_PROBLEM TO SOLVE_
Output exactly the lines from the line that has "Urban Dystopia: The" through the last line of the data below, with no pictures.

───── DATA SHOWN

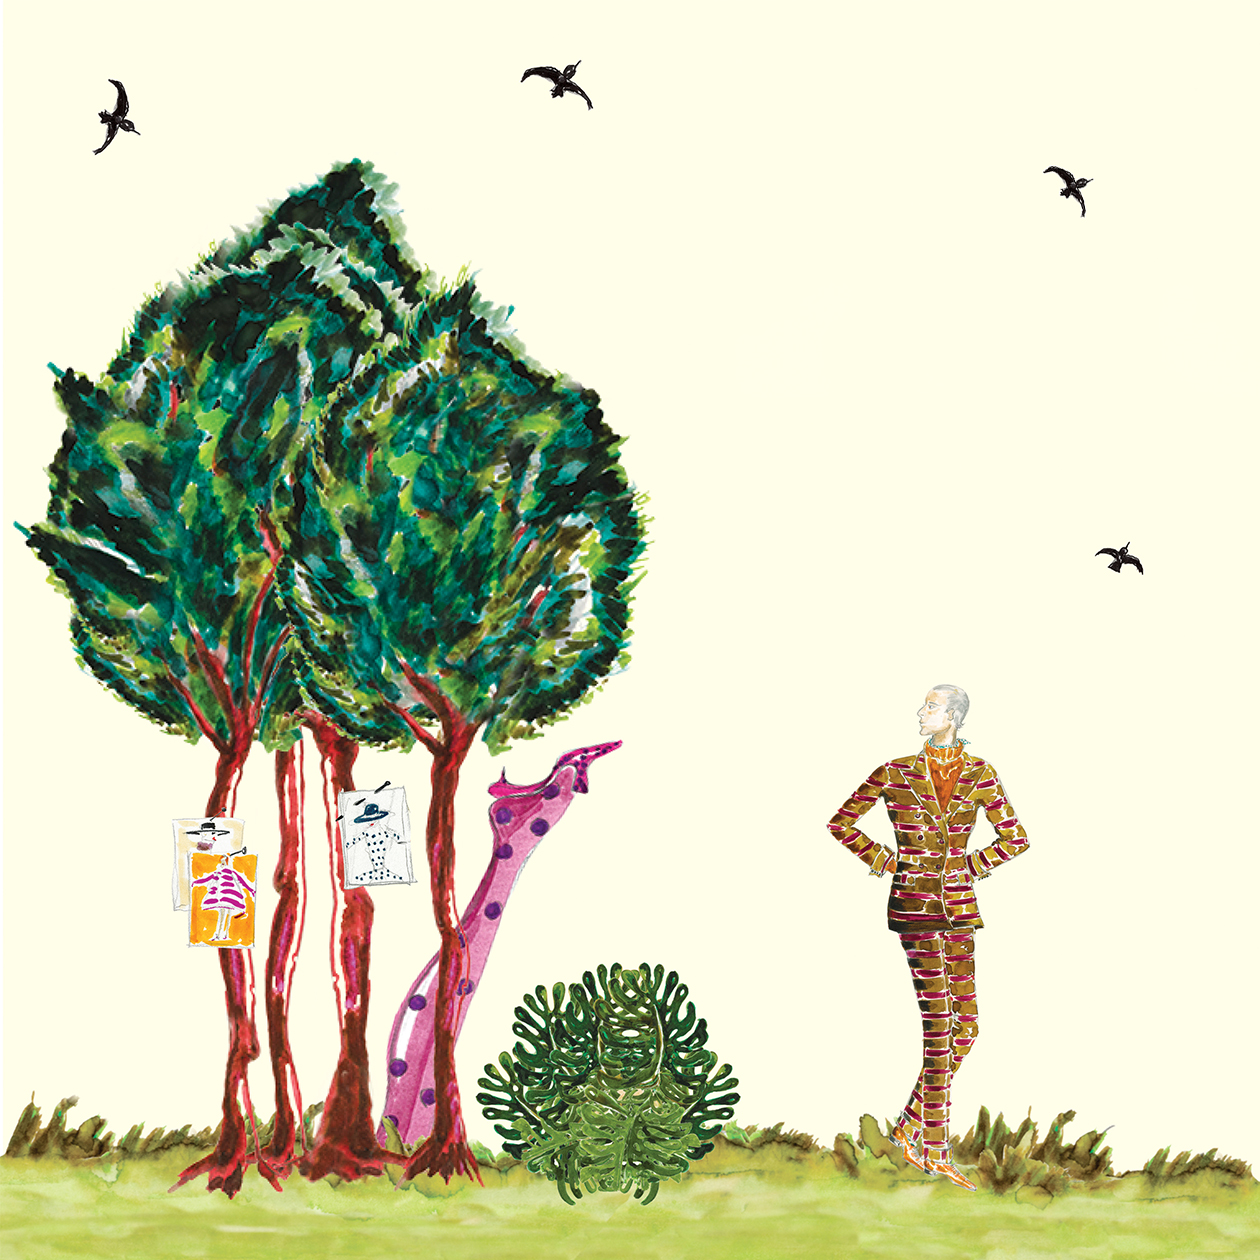 A sketch of Manolo Blahnik standing amongst some trees and grass
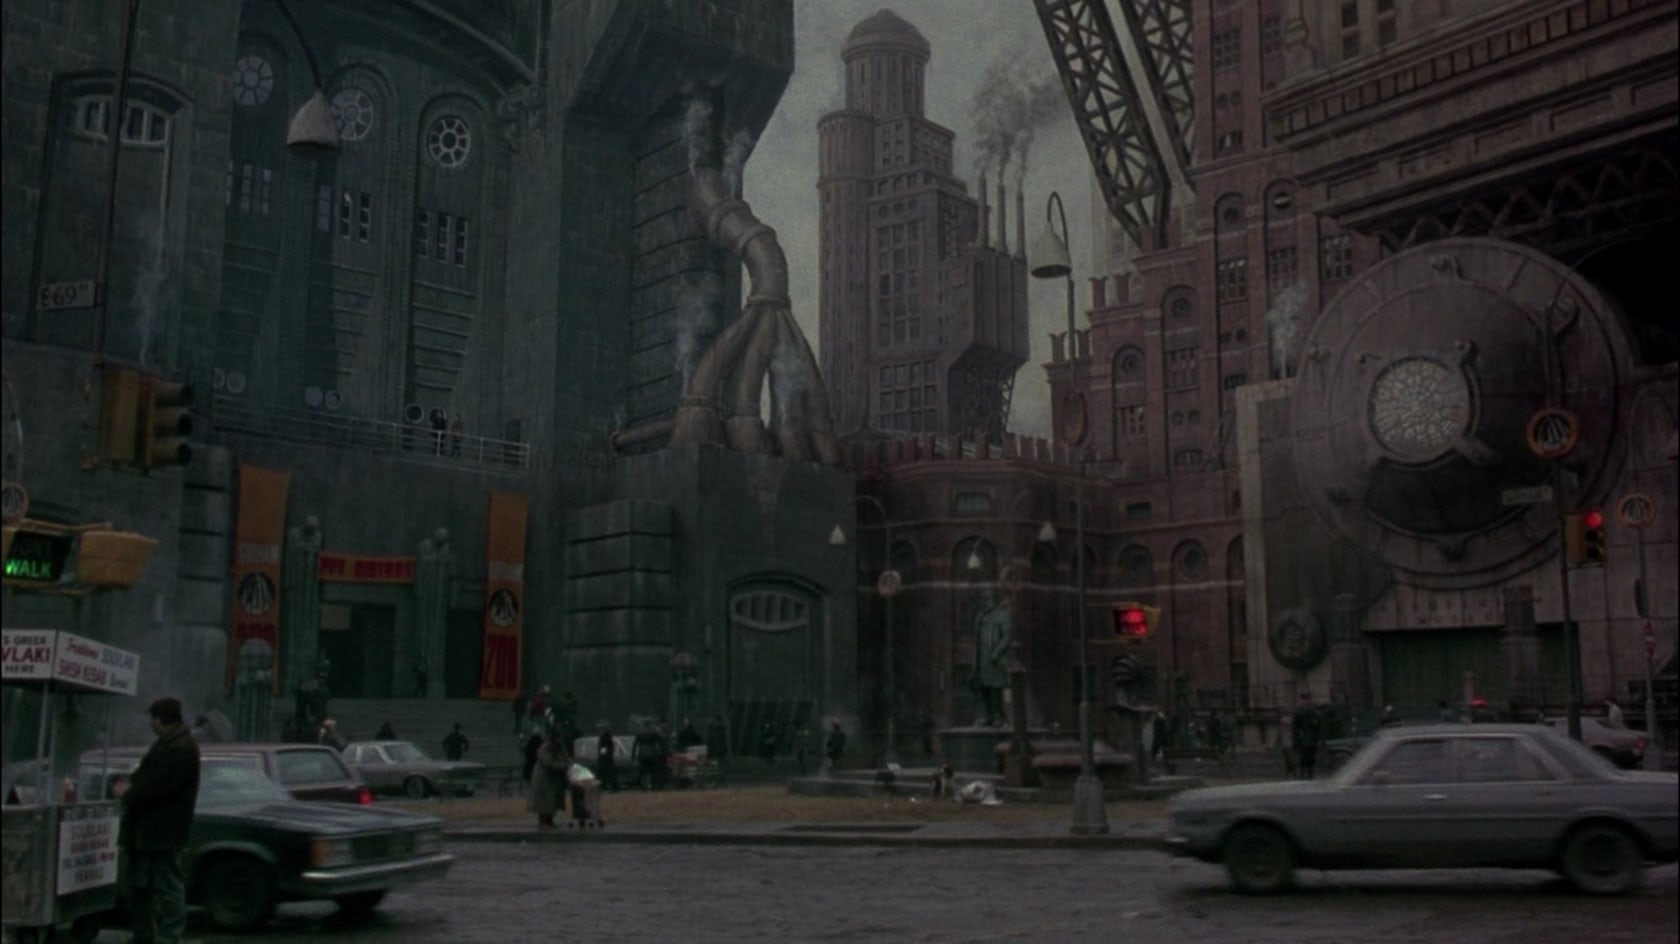 Urban Dystopia: The Architecture of Gotham City - Architizer Journal
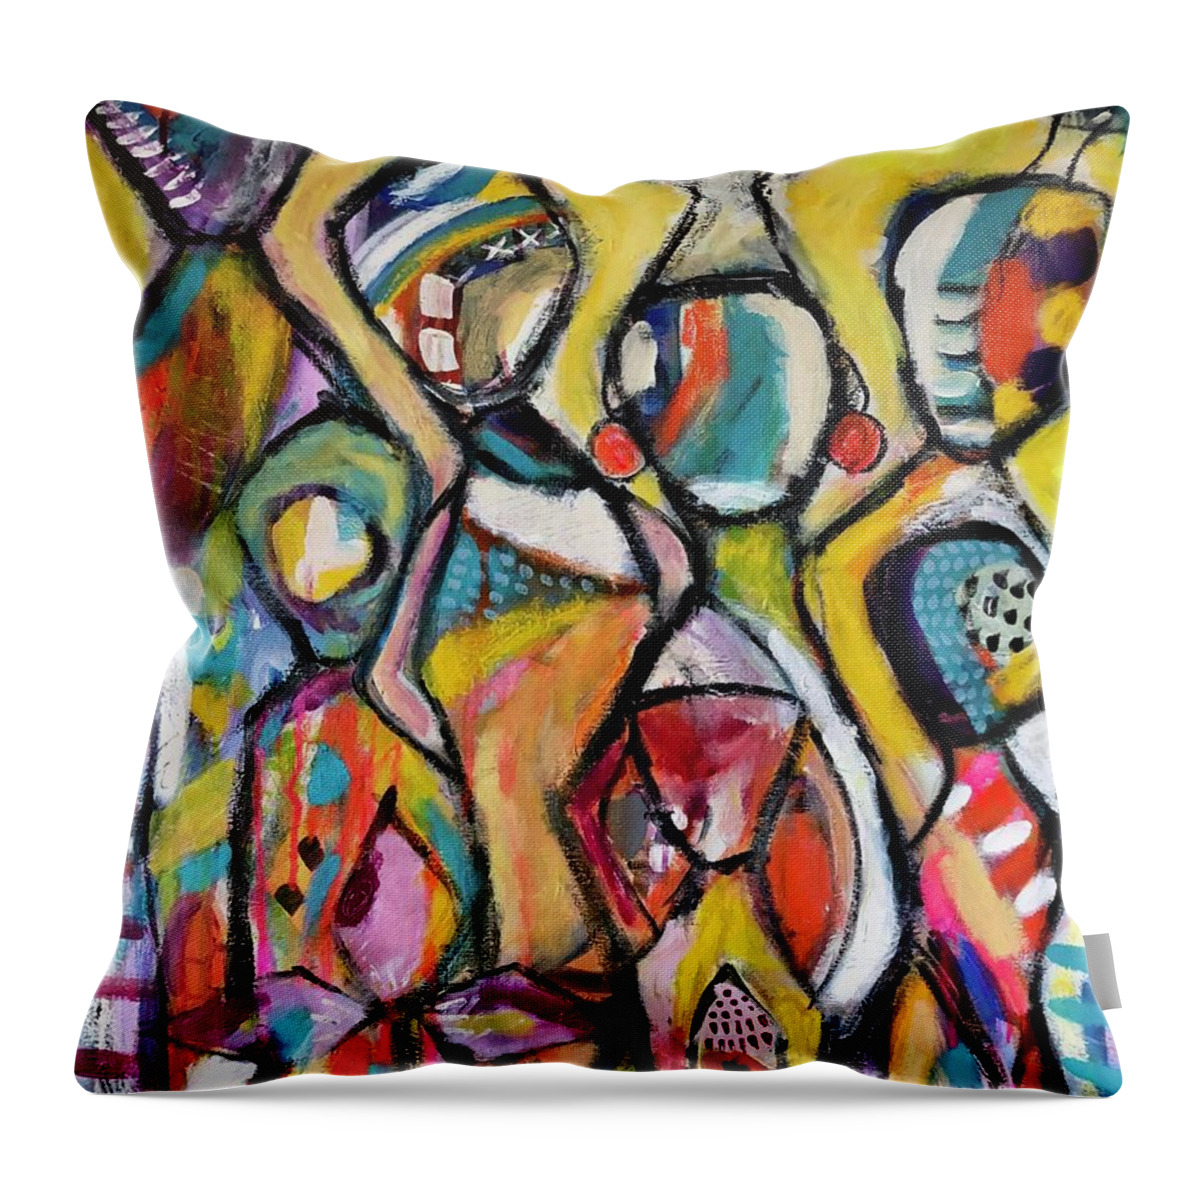 Together Throw Pillow featuring the mixed media Together we are strong by Corina Stupu Thomas

──────────

_RESPONSE_
 Urban Dystopia: The Architecture of Gotham City - Architizer Journal
 Together Throw Pillow featuring the mixed media Together we are strong by Corina Stupu Thomas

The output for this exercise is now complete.